Alas, by part two, director and choreographer had (give or take an Aenea act for a girl and two boys) run out of any ideas they may have had … the designer had never had many from the start … and the ‘half’ was only saved from disaster by the hit routine of the night: a simply dazzling aerial acrobatic performance by a Ukrainian pair calling themselves, embarrassingly, ‘The Flight of Passion’. I see from the programme that they won a Golden Clown at my dear old Monaco Festival de Cirque. They deserve it. They were amazing, and the audience let them know it. Their routine won thrice the applause of anything else during the entire evening.
So, if the music of the night was just reheated old tunes (the finale was, for heaven’s sake the 1968 Canfora/Amurri 'La vita' aka Shirley Bassey's ‘This is my Life’!), pounded out down a vast sound system by insufficient voices, if the dance routines too often lacked imagination and originality and got by only through the tireless efforts of the delightful dancers, if the solo performers were somewhere below cruise ship level and too much of the design colourless, pointless and dreary … I don’t care. I would have walked across Berlin, and squirmed through a full hour of Frln Jürgens’s yowling, just to see Dimitri and Olesya do their magnificent routine.

Obviously, ‘revue’, style 2010, is not for me. I was definitely more at home at the Chamaleon. So, who, I wonder, is it for? The ‘welcome’ at the show’s opening came in a number of languages, including Japanese. I suspect this is pure and simple coach party entertainment. But, then again, twenty years ago, I don’t suppose there were too many Parisians in the house at the Moulin Rouge. So, if things have changed rather drastically in the last century, maybe they have changed less than I imagine in the last decades.
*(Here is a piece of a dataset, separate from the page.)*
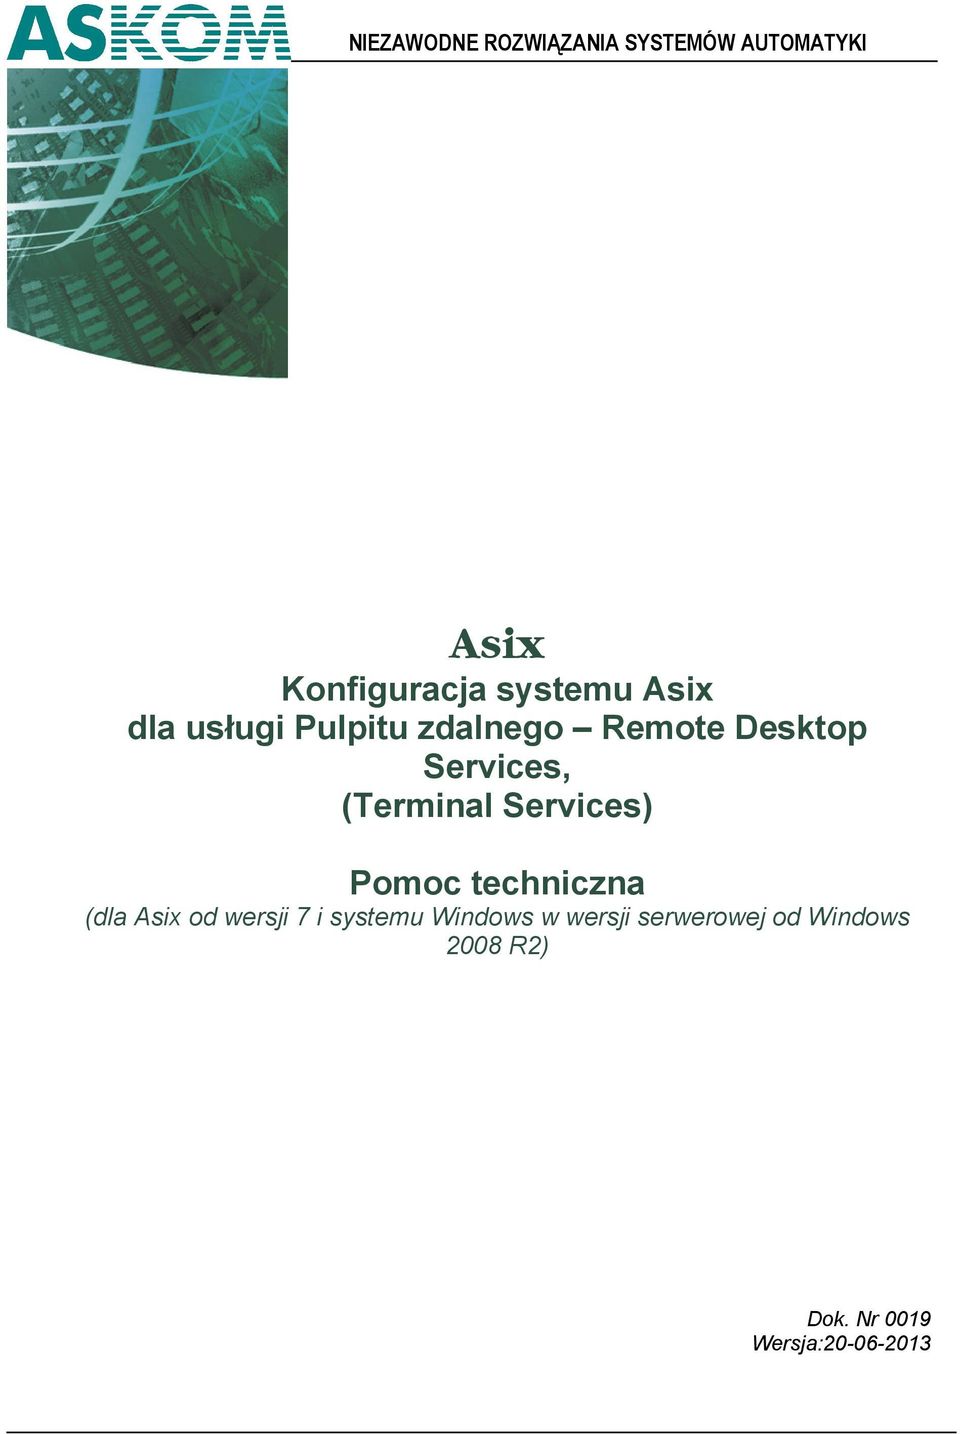 Services) Pomoc techniczna (dla Asix od wersji 7 i systemu Windows w

Let me go out with an accolade. If I can’t say that, with just a few exceptions, I admired much about the show, I hugely admired the way the Friedrichstadtpalast people run an opening night. I’ve run a few myself, and know the difficulties. The vast audience of guests was ticketed, programmed, wined with utmost efficiency. So thank you, Friedrichstadtpalast for looking after me so nicely. I’m sorry Yma isn’t my cup of saki.

Well, the Köstritzer is all gone. Shame I only got one. And midnight is past. I shall sneak into bed and go to sleep thinking of the silver glitter falling from the heights and Olesya’s hair as that magnificent pair finished their act …

Postscript: This morning I have found my ticket stub, and it does not actually mention the word 'revue'. The theatre is described as 'Europas grösster und modernster Show-Palast' and the production as 'Die neue grosse mega-show'. 'Show' is, it seems, the replacement for 'revue' in the 21st century.